Arkadaşı da Piraye'ye haber verdikten
sonra Polise de, Nazım'ın Piraye ile Gülhane Parkı’ndaki, en ulu ceviz ağacının
altında, saat tam 12’de buluşacaklarını" söyler.
Polis, Nazım’dan önce parkın içinde
önlemlerini alır ve beklemeye başlar. Nazım zaten her şeyden tedirgindir.
Polisleri fark eder ve bir yolunu bulur ve randevu verdiği, ceviz ağacının
tepesine tırmanır.
Tam saat 12'de Piraye Ceviz ağacının
altına gelir ama ortalıkta Nazım görünmemektedir. Oysa, Nazım ceviz ağacının
tepesindedir. Polisler de çevrede, Nazım'ın gelmesini beklemektedirler.
Piraye, uzun süre sevdiği adamı, Nazım'ı
bekler ama Nazım ağacın tepesinden inemediği için, "gelmedi" deyip, üzgün
bir şekilde evine; polisler de, Nazım'ın ağacın tepesinde olduğunu
bilmediklerinden, karakollarına geri dönerler.
Tabi Nazım'ın içinden dizeler dökülmez
mi:
"Başım köpük köpük bulut, içim
dışım deniz,
Ben bir ceviz ağacıyım Gülhane Parkı'nda,
Budak budak, şerham şerham ihtiyar bir
ceviz.
Ne sen bunun farkındasın, ne polis
farkında."
Bu şarkıdan sonra da, Edip Akbayram'ın
"Gidenlerin Türküsü" çalınca aklım fikrim Nazım oldu.

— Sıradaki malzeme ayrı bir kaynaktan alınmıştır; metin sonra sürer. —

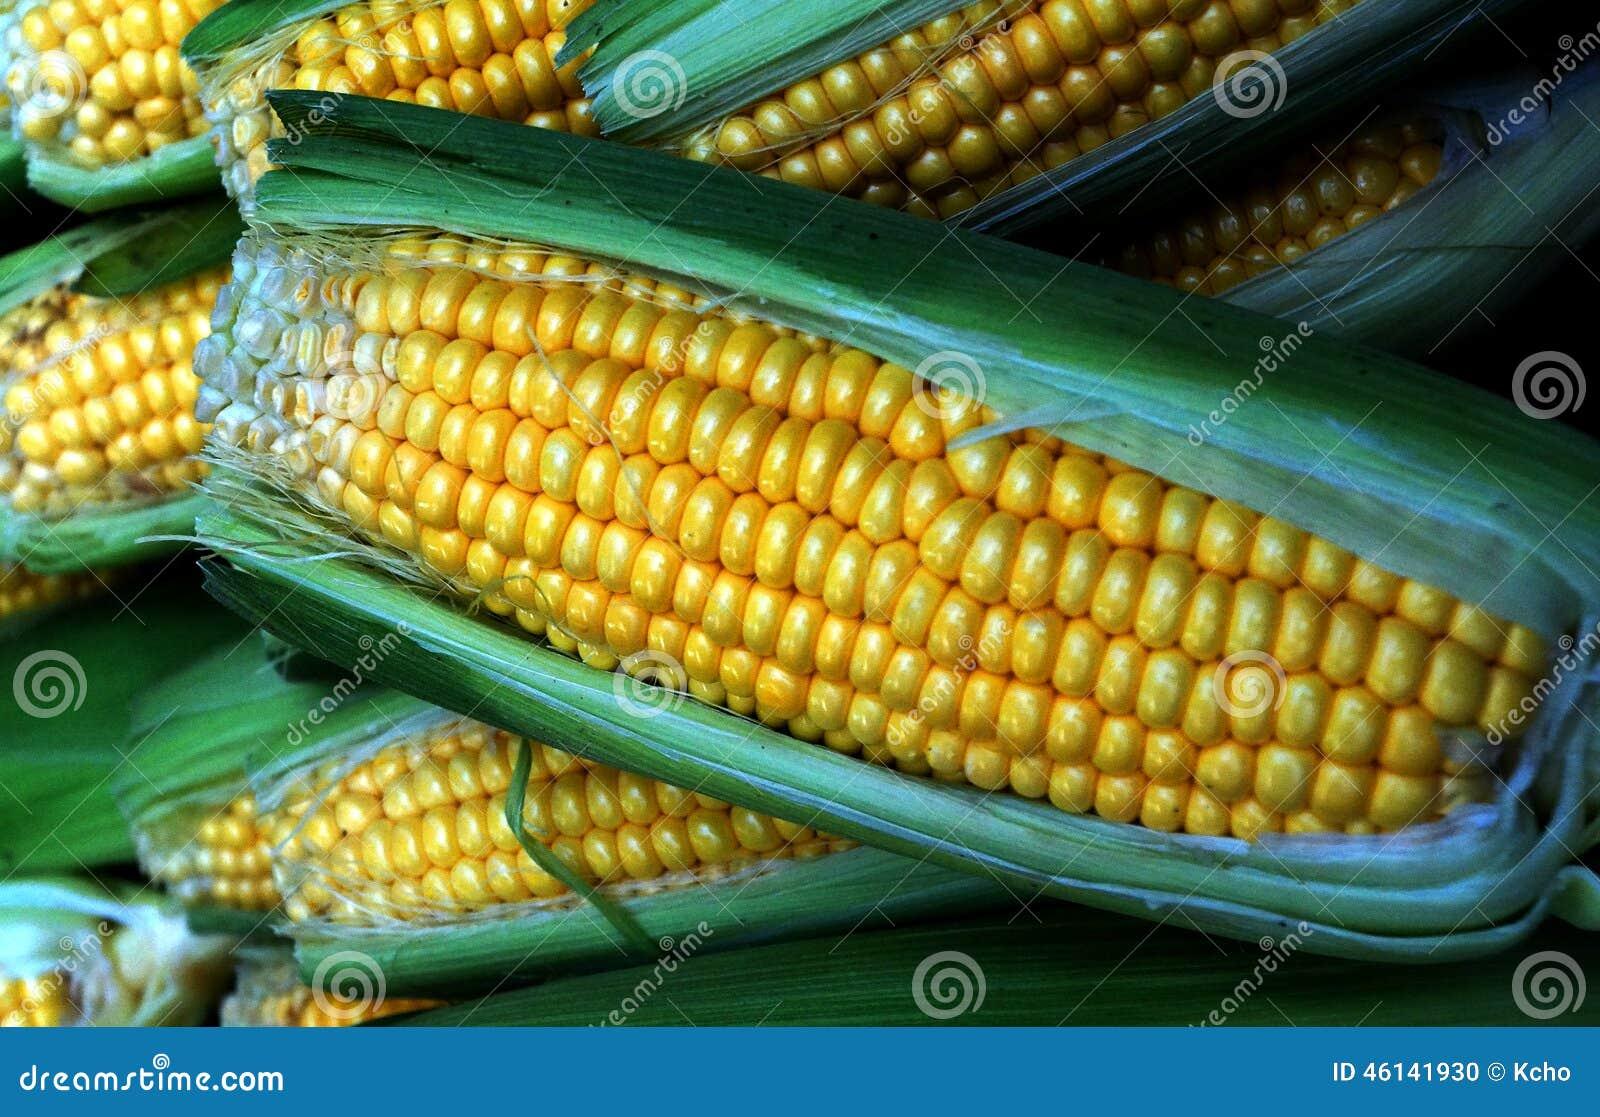 玉米穗图片

Düşündüm,
üzüldüm, güldüm.
Bir yandan da Edip, söylüyor:
"Camların üstünde gece ve kar bembeyaz karanlıkta parlayan raylar,
uzaklaşılıp kavuşulmamayı hatırlatıyor" yine Nazım'ın dizeleri ile
gidenlere, ayrılanlara dizeler, öyküler, acılar.

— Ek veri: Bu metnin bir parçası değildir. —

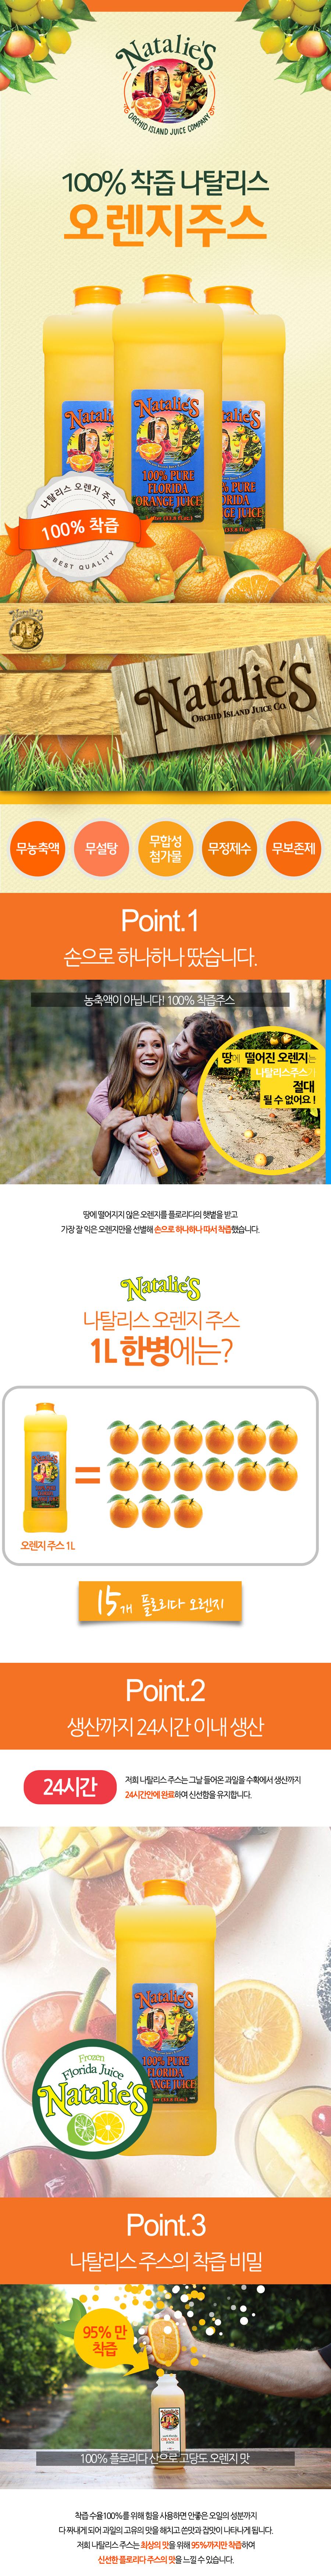 Orange_1L_01

Bunlar bir zamanlar, garaj büfelerinde,
çay bahçelerinde döne döne çalınan müzikler idi. Üstüne bu da çalınca aklıma
öğrencilik yıllarımda bir anı geldi.
Bazen tek başına, bazen bir iki arkadaş
ile geçti öğrenci evleri yaşamımız. Kızlar kendi evlerinde, erkeklerde kendi
evlerinde, ama ara sıra yemek ziyafetleri, hünerleri de olurdu. Tatiller
dönüşü, herkes memleketinden bir şeyler getirir, armağan eder, paylaşırdık.

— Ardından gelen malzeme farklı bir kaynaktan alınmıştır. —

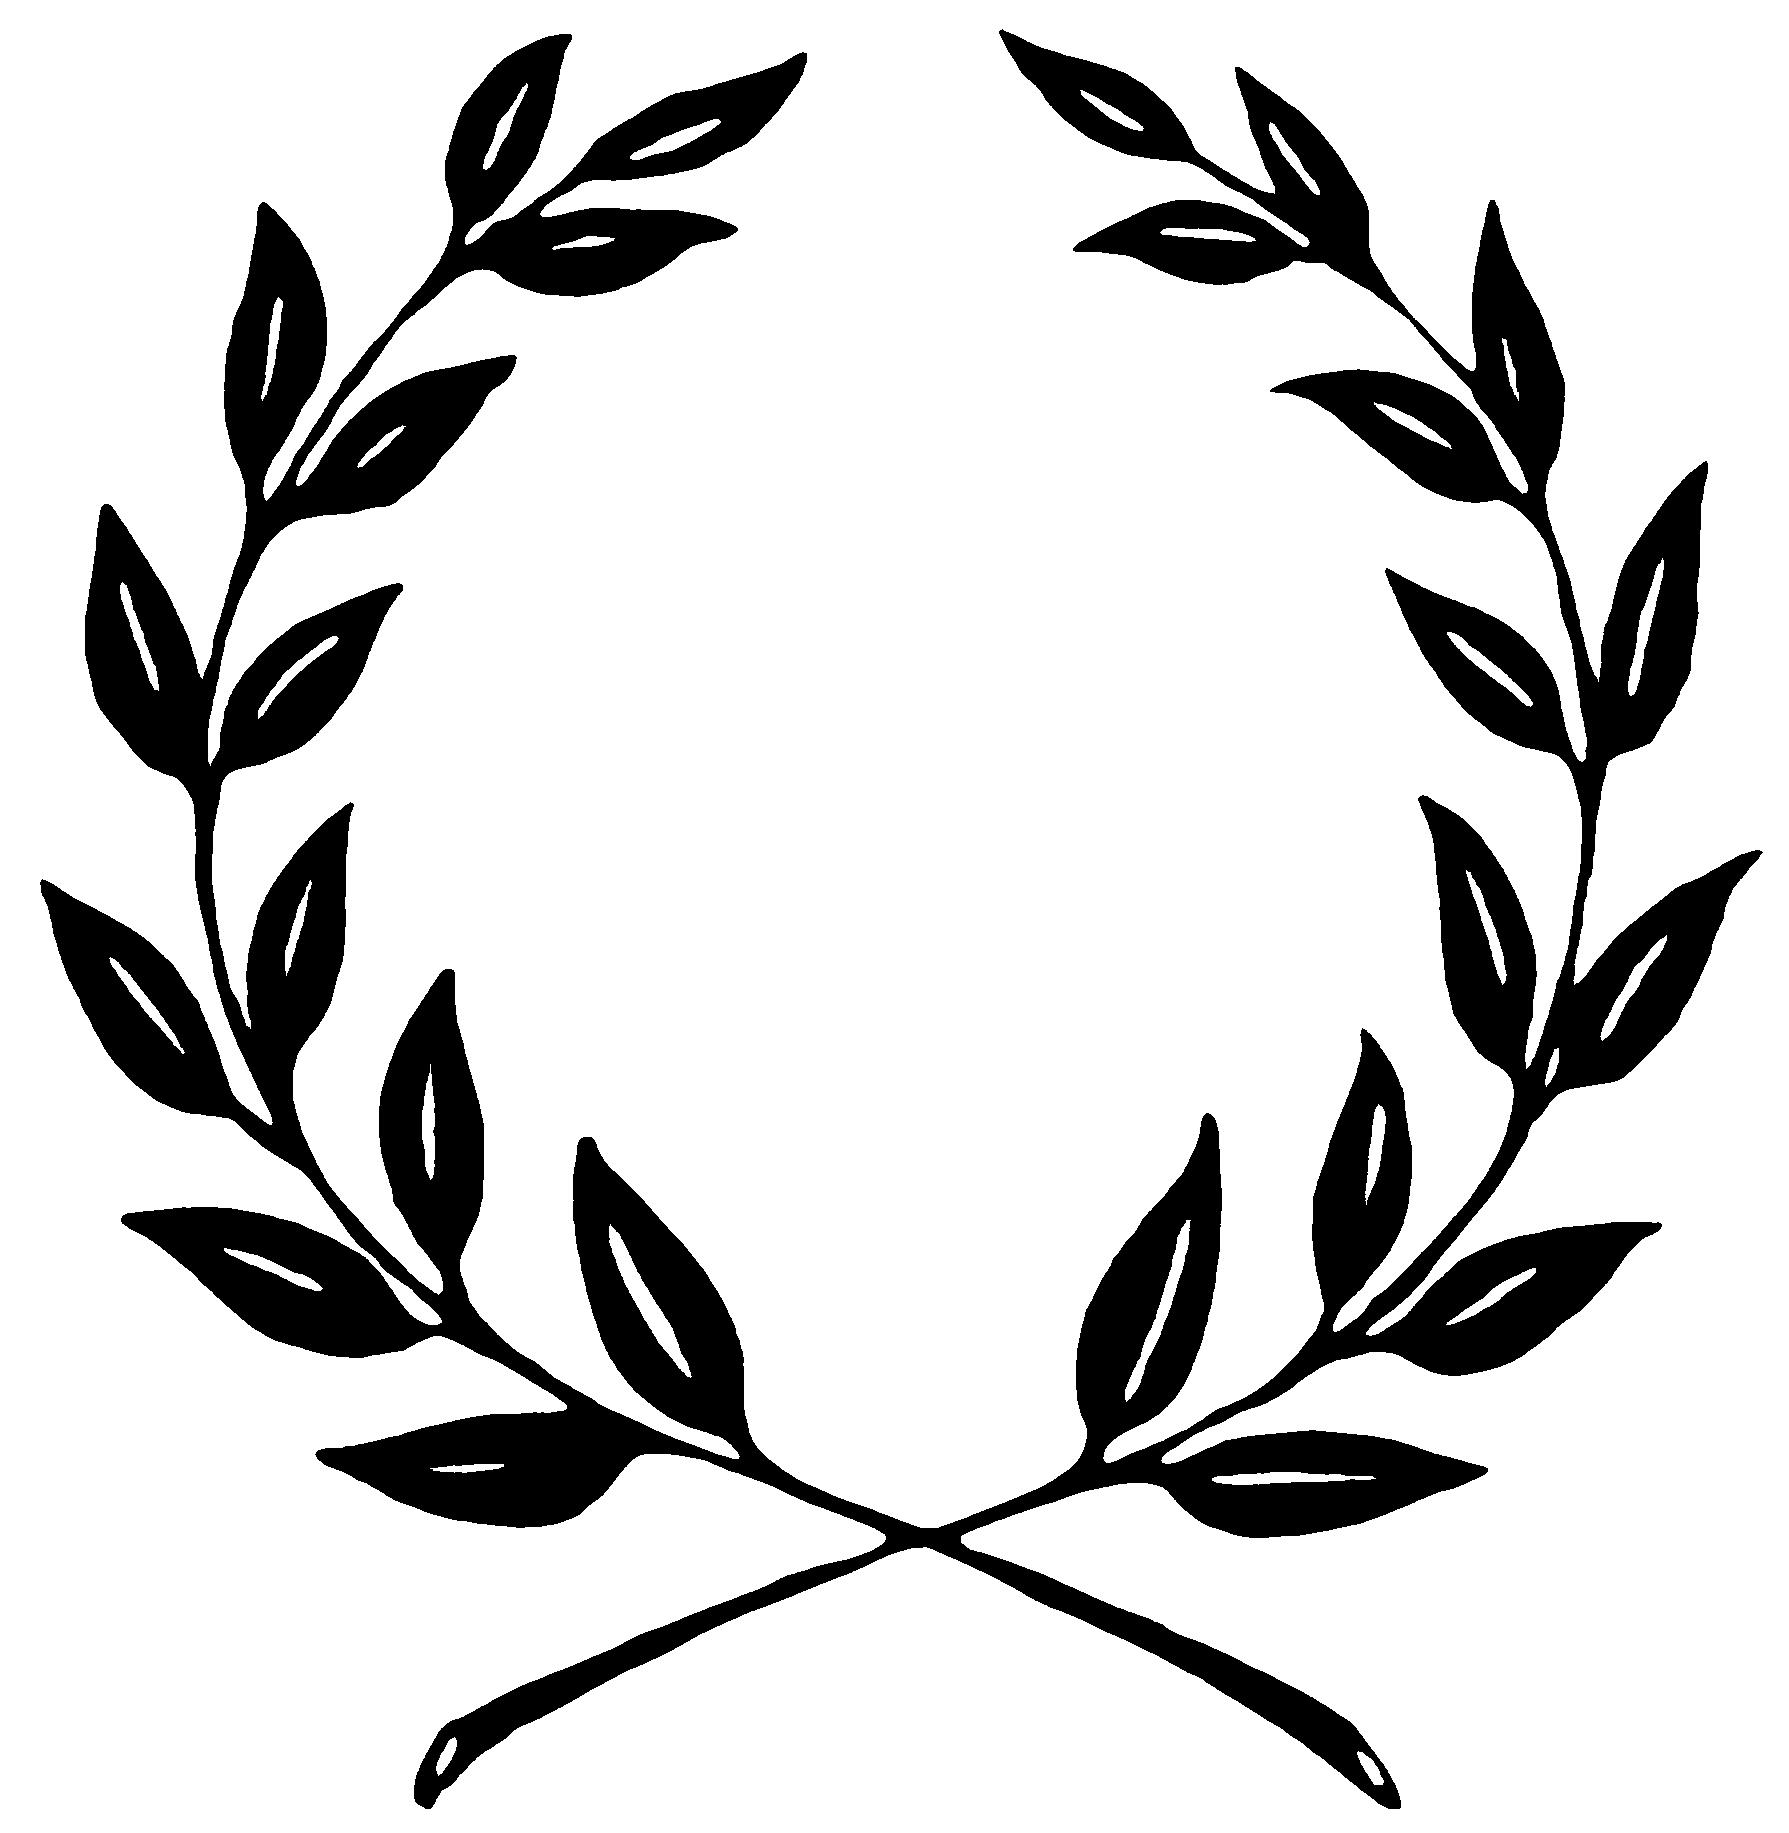 Wreath Flourish

Gerçekten ne güzel günlerdi. Dost,
arkadaş, kardeş gibi yaşardık. Sevdiğine bile, bu göz dışında bakamazdık. Ama
çok hoştu.
Aynı Üniversiteden mahalle komşusu
arkadaşlarımıza, Antalya'dan gelip de, turunç reçeli, bal getirmezsen, aforoz
edilir idim.
Bir tatil sonrası da yine aynı seremoni,
sabah okula giderken serviste "laf yememek" için, akşamdan
getirdiklerimi teslim edeyim istedim. Torbaya doldurdum ve armağanları vermek
üzere birkaç sokak ötede oturan kız arkadaşların evine gittim.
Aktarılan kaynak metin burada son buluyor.